For an update-based coherence scheme, a writing cache does not need to first obtain the exclusive ownership of a data block. Instead data is written directly into the main memory and all caches that hold a copy of the data block. An update-based coherence protocol is usually called write-through.

The directory entry may contain other state information on the data block, such as dirty bit and exclusive ownership bit [Archibald 84, Censier 78, Chaiken 90, Papamarcos 84, Tang 76]. The directory is either centralized within the main memory or distributed among the processing elements.

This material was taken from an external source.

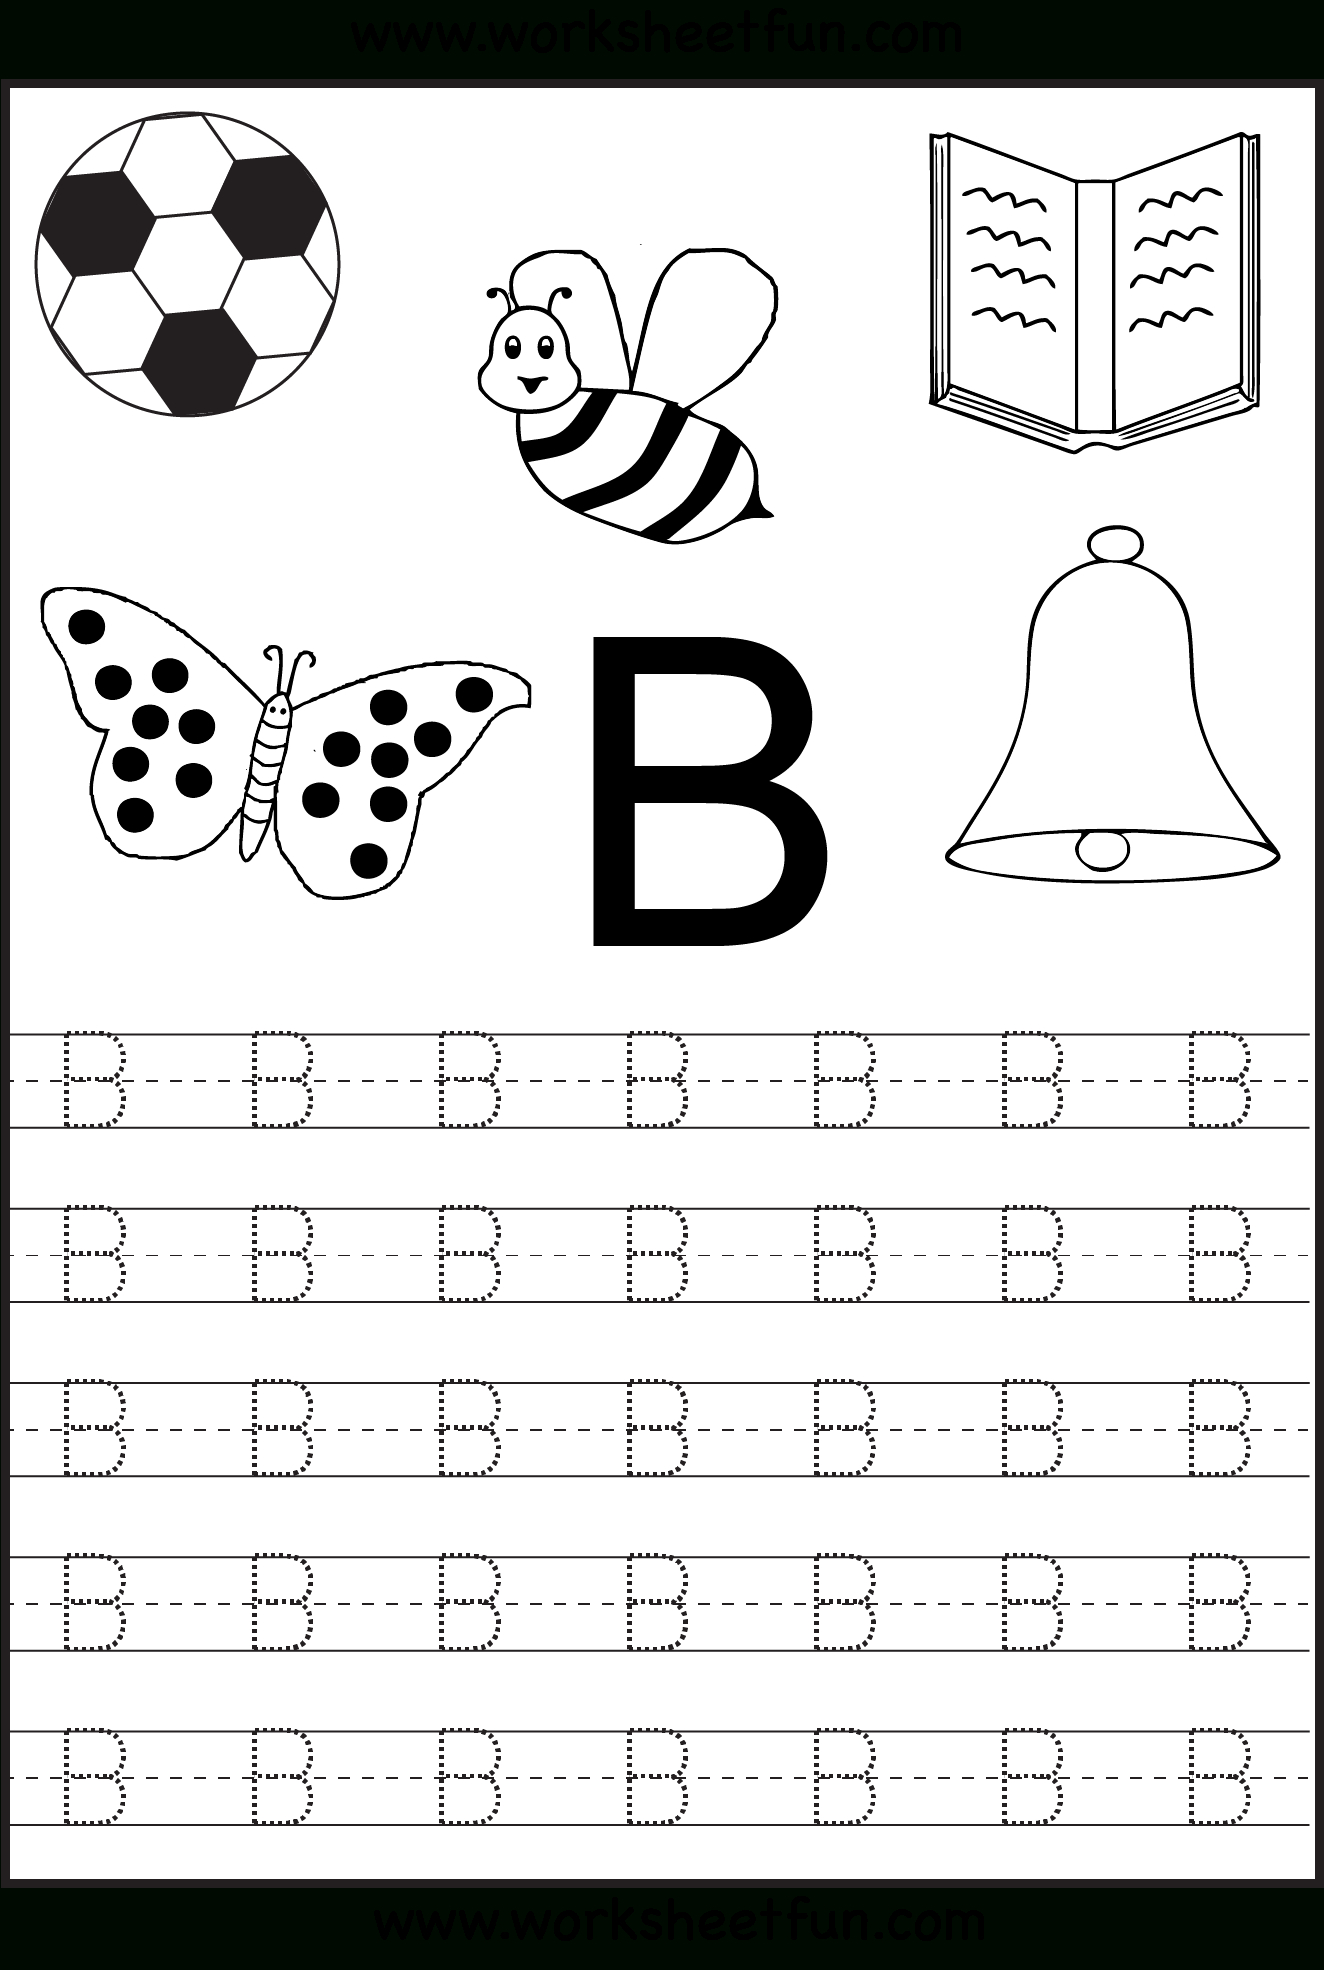 Free Printable Letter Tracing Worksheets For Kindergarten – 26 - Free Printable Alphabet Letters
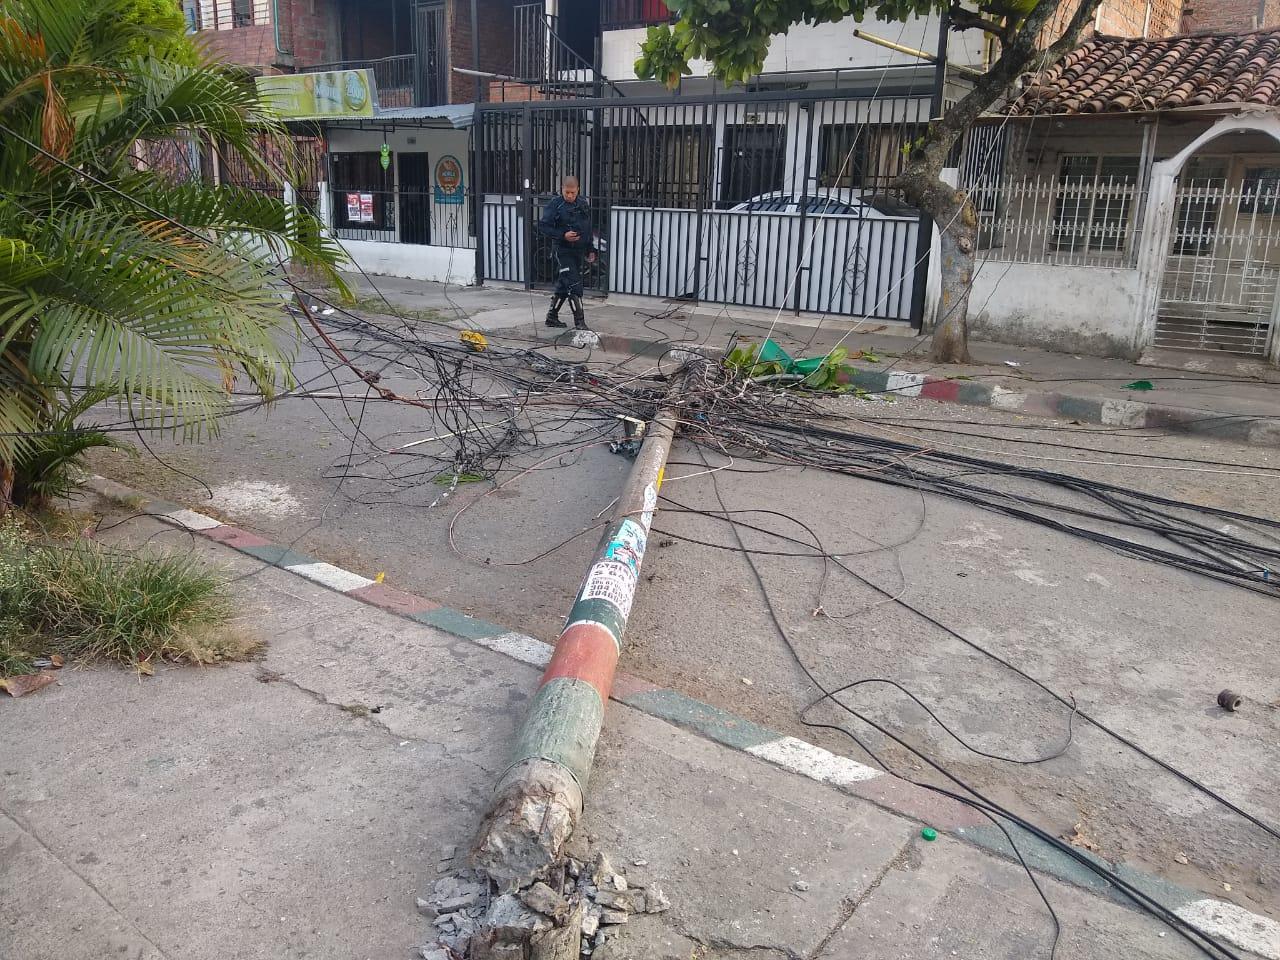 Conductor de camión que estaría huyendo de robo tumbó 7 postes en barrio de Cali

Distribution can be

done in two ways: distributed with the main memory among the processing elements [Agarwal 89] in a so-called distributed main memory, or distributed among the caches of the processing elements [Chaiken 91, James 90, Thapar 90].

This paper proposes a new distributed directory scheme that can carry out coherence operations in an efficient manner and is suitable for scalable large shared-memory multiprocessors. Moreover, for each type of cache operation, it has provably optimal time complexity. In section 7.2 we first review the major existing directory schemes. Section 7.3 presents the binary-tree directory scheme and discusses its time complexity for each cache operation. In section 7.4 we examine some other tree-like directory schemes, including a redundant-pointer list structure proposed previously in the literature. Compared to these other schemes, our approach is superior in space and time complexities. Section 7.5 concludes with a summary.

# 7.2 Directory Schemes

First we discuss how each cache does read and write, which is common for all directory schemes. Usually, a cache has a few state bits for each cached block, such as a validity bit, an ownership bit, and a dirty bit. The validity bit indicates whether a local cache copy of a data block is up-to-date (valid). The ownership bit indicates whether the local cache is the (exclusive) cache which is currently allowed to write to the data block; for any data block, there is always at most one cache whose ownership bit of that block is set. The dirty bit indicates whether the local cache copy of a data block is newer than the copy in the main memory, which means upon giving up ownership of or replacing this data copy, the local cache must sends this block copy back to the main memory. These bits, particularly the last two, are usually used by invalidation-based coherence protocols.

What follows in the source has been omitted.